» Work instruction
When the line containing "Illustration de cravates" appears in the data below, begin copying there and stop only after the line containing "Phó Thủ tướng".

=== Data for this exercise ===

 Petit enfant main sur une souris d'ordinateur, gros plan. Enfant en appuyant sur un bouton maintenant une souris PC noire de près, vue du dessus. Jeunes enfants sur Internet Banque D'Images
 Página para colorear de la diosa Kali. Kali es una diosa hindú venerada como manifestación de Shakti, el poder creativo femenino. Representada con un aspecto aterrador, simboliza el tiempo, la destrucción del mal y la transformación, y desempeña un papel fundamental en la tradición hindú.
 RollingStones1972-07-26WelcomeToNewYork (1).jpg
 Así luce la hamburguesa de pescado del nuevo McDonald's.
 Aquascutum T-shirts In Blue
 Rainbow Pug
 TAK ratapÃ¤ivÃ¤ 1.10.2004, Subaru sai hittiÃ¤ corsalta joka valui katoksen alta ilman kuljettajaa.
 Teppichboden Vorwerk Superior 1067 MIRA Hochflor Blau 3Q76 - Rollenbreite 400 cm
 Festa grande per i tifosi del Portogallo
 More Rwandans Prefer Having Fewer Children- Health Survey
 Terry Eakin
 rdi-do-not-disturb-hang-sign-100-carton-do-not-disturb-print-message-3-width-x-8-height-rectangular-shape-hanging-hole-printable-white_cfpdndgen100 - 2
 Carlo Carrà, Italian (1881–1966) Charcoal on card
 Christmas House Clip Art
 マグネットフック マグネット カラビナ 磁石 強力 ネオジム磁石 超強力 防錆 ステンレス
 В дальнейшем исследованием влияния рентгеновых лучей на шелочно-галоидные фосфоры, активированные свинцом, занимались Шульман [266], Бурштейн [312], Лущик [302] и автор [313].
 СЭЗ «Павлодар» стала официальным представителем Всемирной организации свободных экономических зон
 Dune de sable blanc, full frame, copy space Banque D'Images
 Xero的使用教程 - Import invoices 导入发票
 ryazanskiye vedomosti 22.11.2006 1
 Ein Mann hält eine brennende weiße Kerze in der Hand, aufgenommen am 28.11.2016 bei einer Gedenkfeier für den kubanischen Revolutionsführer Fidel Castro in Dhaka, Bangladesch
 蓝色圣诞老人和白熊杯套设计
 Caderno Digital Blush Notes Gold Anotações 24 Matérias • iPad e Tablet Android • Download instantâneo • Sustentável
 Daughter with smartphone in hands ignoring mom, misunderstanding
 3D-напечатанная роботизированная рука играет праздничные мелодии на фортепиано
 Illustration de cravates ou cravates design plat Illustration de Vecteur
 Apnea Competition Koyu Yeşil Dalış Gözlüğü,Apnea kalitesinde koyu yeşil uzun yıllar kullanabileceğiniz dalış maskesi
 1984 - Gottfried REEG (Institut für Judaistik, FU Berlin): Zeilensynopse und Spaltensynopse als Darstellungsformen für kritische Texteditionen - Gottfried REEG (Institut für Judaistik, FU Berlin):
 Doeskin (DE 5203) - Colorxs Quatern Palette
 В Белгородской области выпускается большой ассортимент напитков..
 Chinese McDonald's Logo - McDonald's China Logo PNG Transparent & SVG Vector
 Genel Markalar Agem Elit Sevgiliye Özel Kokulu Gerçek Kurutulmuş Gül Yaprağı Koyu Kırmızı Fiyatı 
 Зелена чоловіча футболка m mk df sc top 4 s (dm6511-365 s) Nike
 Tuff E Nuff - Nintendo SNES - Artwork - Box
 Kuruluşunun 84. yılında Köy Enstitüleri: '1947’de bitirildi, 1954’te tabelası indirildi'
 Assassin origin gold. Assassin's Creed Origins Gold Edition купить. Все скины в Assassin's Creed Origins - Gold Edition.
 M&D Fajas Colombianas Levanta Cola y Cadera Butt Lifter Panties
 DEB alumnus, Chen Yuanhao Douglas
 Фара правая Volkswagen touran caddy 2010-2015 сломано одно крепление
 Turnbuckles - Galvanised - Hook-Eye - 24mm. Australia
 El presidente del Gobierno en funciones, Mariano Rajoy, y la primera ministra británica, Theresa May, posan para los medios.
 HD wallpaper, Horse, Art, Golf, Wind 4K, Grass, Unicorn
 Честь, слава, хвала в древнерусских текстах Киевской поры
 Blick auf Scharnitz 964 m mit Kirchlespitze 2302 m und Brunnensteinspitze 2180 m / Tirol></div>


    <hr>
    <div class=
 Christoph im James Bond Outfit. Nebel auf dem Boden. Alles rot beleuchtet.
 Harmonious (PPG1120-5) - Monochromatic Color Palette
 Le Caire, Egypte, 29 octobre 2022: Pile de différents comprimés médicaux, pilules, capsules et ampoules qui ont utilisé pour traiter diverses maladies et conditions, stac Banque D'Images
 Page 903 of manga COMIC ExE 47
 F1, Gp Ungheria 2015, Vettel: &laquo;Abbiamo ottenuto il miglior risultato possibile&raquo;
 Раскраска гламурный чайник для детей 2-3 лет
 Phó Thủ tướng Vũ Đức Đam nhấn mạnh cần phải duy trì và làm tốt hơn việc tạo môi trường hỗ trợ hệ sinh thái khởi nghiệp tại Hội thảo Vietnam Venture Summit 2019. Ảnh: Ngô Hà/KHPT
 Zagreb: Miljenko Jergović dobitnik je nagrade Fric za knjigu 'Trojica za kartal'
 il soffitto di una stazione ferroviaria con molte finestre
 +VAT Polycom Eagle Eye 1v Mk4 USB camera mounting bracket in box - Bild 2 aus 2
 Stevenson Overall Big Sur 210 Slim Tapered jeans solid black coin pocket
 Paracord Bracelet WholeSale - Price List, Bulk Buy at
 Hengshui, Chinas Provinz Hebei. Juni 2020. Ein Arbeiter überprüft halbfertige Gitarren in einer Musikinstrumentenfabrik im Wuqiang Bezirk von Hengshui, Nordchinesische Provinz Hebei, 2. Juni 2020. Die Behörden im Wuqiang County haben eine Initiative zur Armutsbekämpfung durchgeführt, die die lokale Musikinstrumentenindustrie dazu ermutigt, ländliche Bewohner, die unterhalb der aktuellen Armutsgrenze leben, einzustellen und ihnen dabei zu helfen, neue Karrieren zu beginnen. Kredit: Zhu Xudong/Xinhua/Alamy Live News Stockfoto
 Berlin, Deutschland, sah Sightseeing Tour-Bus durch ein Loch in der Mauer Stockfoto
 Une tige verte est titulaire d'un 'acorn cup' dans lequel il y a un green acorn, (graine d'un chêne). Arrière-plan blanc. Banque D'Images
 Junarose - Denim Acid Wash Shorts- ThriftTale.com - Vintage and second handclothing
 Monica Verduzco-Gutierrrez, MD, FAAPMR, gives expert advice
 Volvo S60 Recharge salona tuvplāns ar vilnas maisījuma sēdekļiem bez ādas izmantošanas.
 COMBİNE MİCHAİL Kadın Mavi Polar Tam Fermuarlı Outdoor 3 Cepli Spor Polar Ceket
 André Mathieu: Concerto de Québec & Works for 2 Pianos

===

» Solution to this exercise
 Illustration de cravates ou cravates design plat Illustration de Vecteur
 Apnea Competition Koyu Yeşil Dalış Gözlüğü,Apnea kalitesinde koyu yeşil uzun yıllar kullanabileceğiniz dalış maskesi
 1984 - Gottfried REEG (Institut für Judaistik, FU Berlin): Zeilensynopse und Spaltensynopse als Darstellungsformen für kritische Texteditionen - Gottfried REEG (Institut für Judaistik, FU Berlin):
 Doeskin (DE 5203) - Colorxs Quatern Palette
 В Белгородской области выпускается большой ассортимент напитков..
 Chinese McDonald's Logo - McDonald's China Logo PNG Transparent & SVG Vector
 Genel Markalar Agem Elit Sevgiliye Özel Kokulu Gerçek Kurutulmuş Gül Yaprağı Koyu Kırmızı Fiyatı 
 Зелена чоловіча футболка m mk df sc top 4 s (dm6511-365 s) Nike
 Tuff E Nuff - Nintendo SNES - Artwork - Box
 Kuruluşunun 84. yılında Köy Enstitüleri: '1947’de bitirildi, 1954’te tabelası indirildi'
 Assassin origin gold. Assassin's Creed Origins Gold Edition купить. Все скины в Assassin's Creed Origins - Gold Edition.
 M&D Fajas Colombianas Levanta Cola y Cadera Butt Lifter Panties
 DEB alumnus, Chen Yuanhao Douglas
 Фара правая Volkswagen touran caddy 2010-2015 сломано одно крепление
 Turnbuckles - Galvanised - Hook-Eye - 24mm. Australia
 El presidente del Gobierno en funciones, Mariano Rajoy, y la primera ministra británica, Theresa May, posan para los medios.
 HD wallpaper, Horse, Art, Golf, Wind 4K, Grass, Unicorn
 Честь, слава, хвала в древнерусских текстах Киевской поры
 Blick auf Scharnitz 964 m mit Kirchlespitze 2302 m und Brunnensteinspitze 2180 m / Tirol></div>


    <hr>
    <div class=
 Christoph im James Bond Outfit. Nebel auf dem Boden. Alles rot beleuchtet.
 Harmonious (PPG1120-5) - Monochromatic Color Palette
 Le Caire, Egypte, 29 octobre 2022: Pile de différents comprimés médicaux, pilules, capsules et ampoules qui ont utilisé pour traiter diverses maladies et conditions, stac Banque D'Images
 Page 903 of manga COMIC ExE 47
 F1, Gp Ungheria 2015, Vettel: &laquo;Abbiamo ottenuto il miglior risultato possibile&raquo;
 Раскраска гламурный чайник для детей 2-3 лет
 Phó Thủ tướng Vũ Đức Đam nhấn mạnh cần phải duy trì và làm tốt hơn việc tạo môi trường hỗ trợ hệ sinh thái khởi nghiệp tại Hội thảo Vietnam Venture Summit 2019. Ảnh: Ngô Hà/KHPT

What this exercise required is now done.